What Not to Wear: Working Out Edition

Yes, I realize I'm not necessarily the fashion police, but there are some basic items women should avoid wearing or not wearing when working out and I'm here to share them with you:

  • White Stretch Pants With No Underwear - I realize I shouldn't even have to say this one. Going underwearless at the gym is completely disgusting. The place is a cesspool of germs. Imagine my horror when I spotted an overly tan young woman bent over, doing rows with her booty facing the window so everyone walking by had to look at her ass.

    To make a bad situation worse, she was wearing skin-tight, white stretch pants with no underwear whatsoever. None. Granted, she could've been wearing a thong - I didn't get that close to examine - but I honestly doubt she could've fit another item of clothing under those pants. That's how tight they were. I screamed 'My Eyes!' and bolted to my car. (Not really, but isn't it funny to imagine me doing that?)

  • How 'Bout No Pants? -- Again, I really shouldn't have to say this one. You'd think in general, people would wear pants in public. Guess again. I audited a bellydancing class last night since I missed mine this week. I went to the weird girl class I was supposed to transfer into but luckily managed to avoid. I realize that ballerinas sometimes wear leotards with tights and nothing else. However, leotards in general cover the booty/hoo-hoo area - no problemo.

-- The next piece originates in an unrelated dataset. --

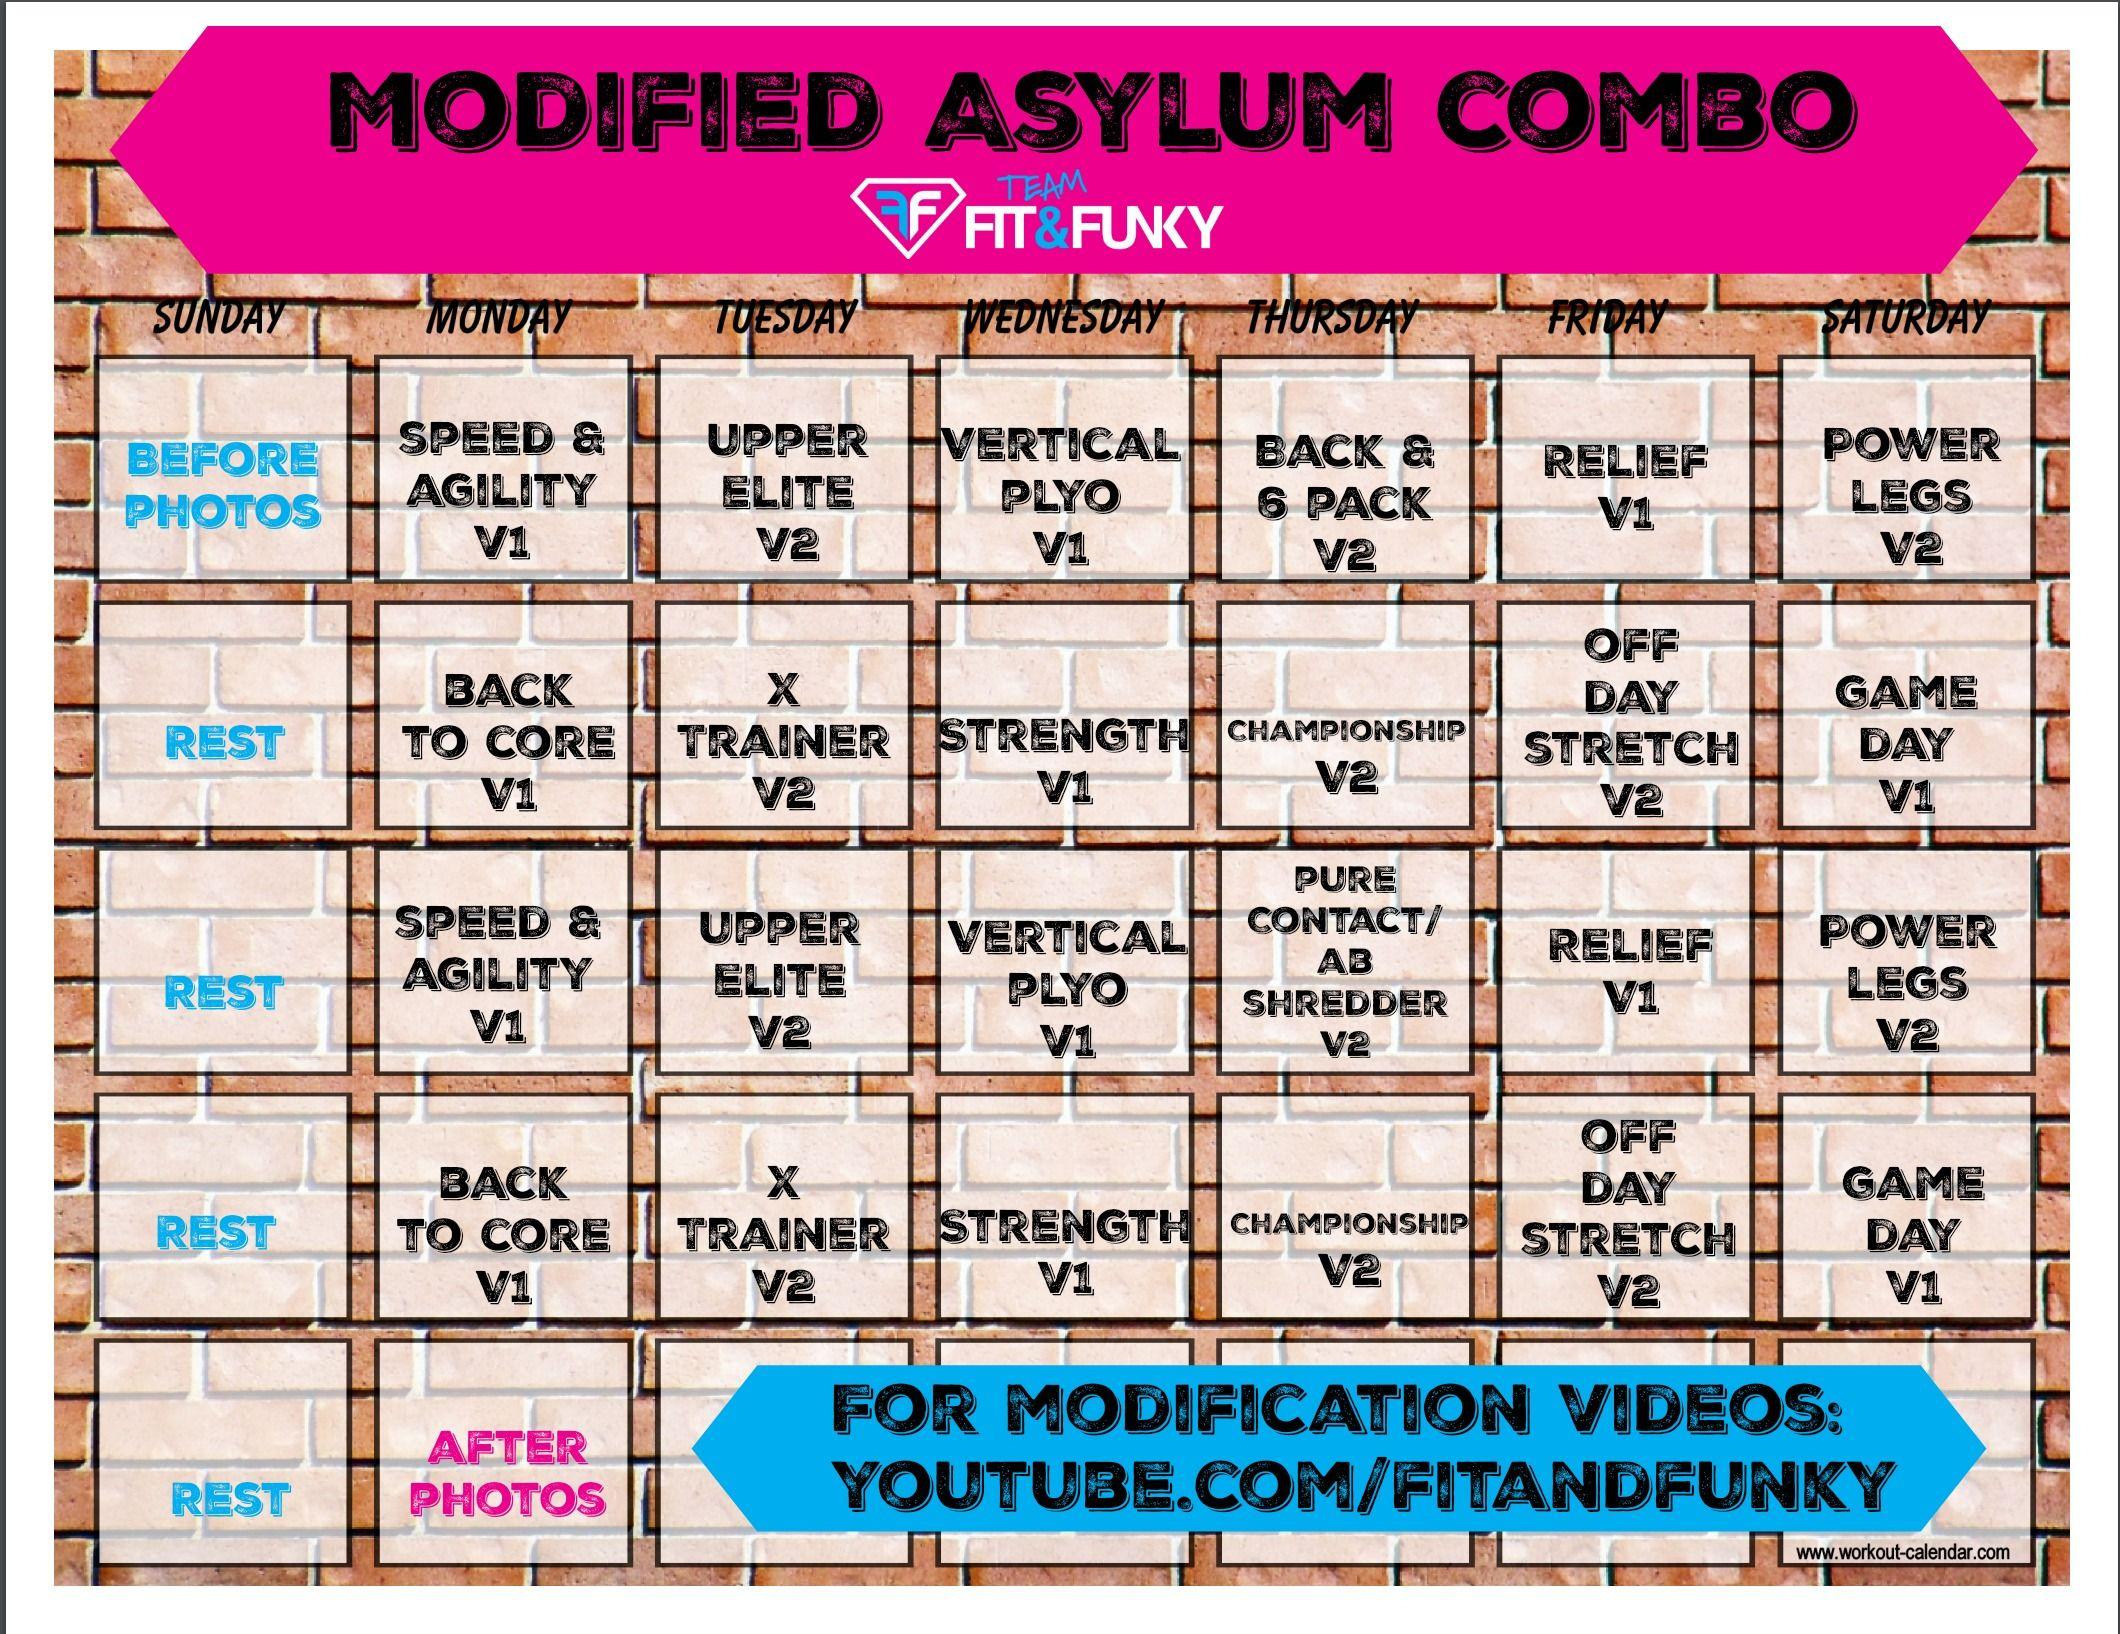 Modified Asylum Combo Workout Calendar | Workout Calendar Regarding Slim And 6 Workout Plan Calender Edit

    One of the ladies in the bellydancing class kind of followed that concept, but missed the point. She was wearing a white long sleeved shirt - something I'd wear to the mall or out shopping, not fitness apparel - with black tights. And no pants. Granted, she had a hip scarf on, so the danger zones were mostly covered. However, this woman was not exactly someone who should be running around pantless. Really, no one should ever be out in public without pants. Not even the hottest people on earth. I wasn't really sure where to look for pretty much the whole class...especially considering the next fashion sinner.

  • Long Floral Dresses -- Yet another example from the weird girl bellydancing class. (Thank goodness I'm not in it!) A woman with the biggest boobs I've ever seen was wearing a long floral print sheath dress. It was cut very straight - looked like something you'd wear to church or work, provided you covered up the ginormous boobs that were hanging out of the top. (Unlike this chica, who looked like she had giant watermelons stuffed into a ziploc snack bag.)

    In bellydancing, we do most of our work with our knees bent so we can get more hip action going on. How uncomfortable it must be to try to move your hips around and get them stuck in a big, long, tight dress. Ick.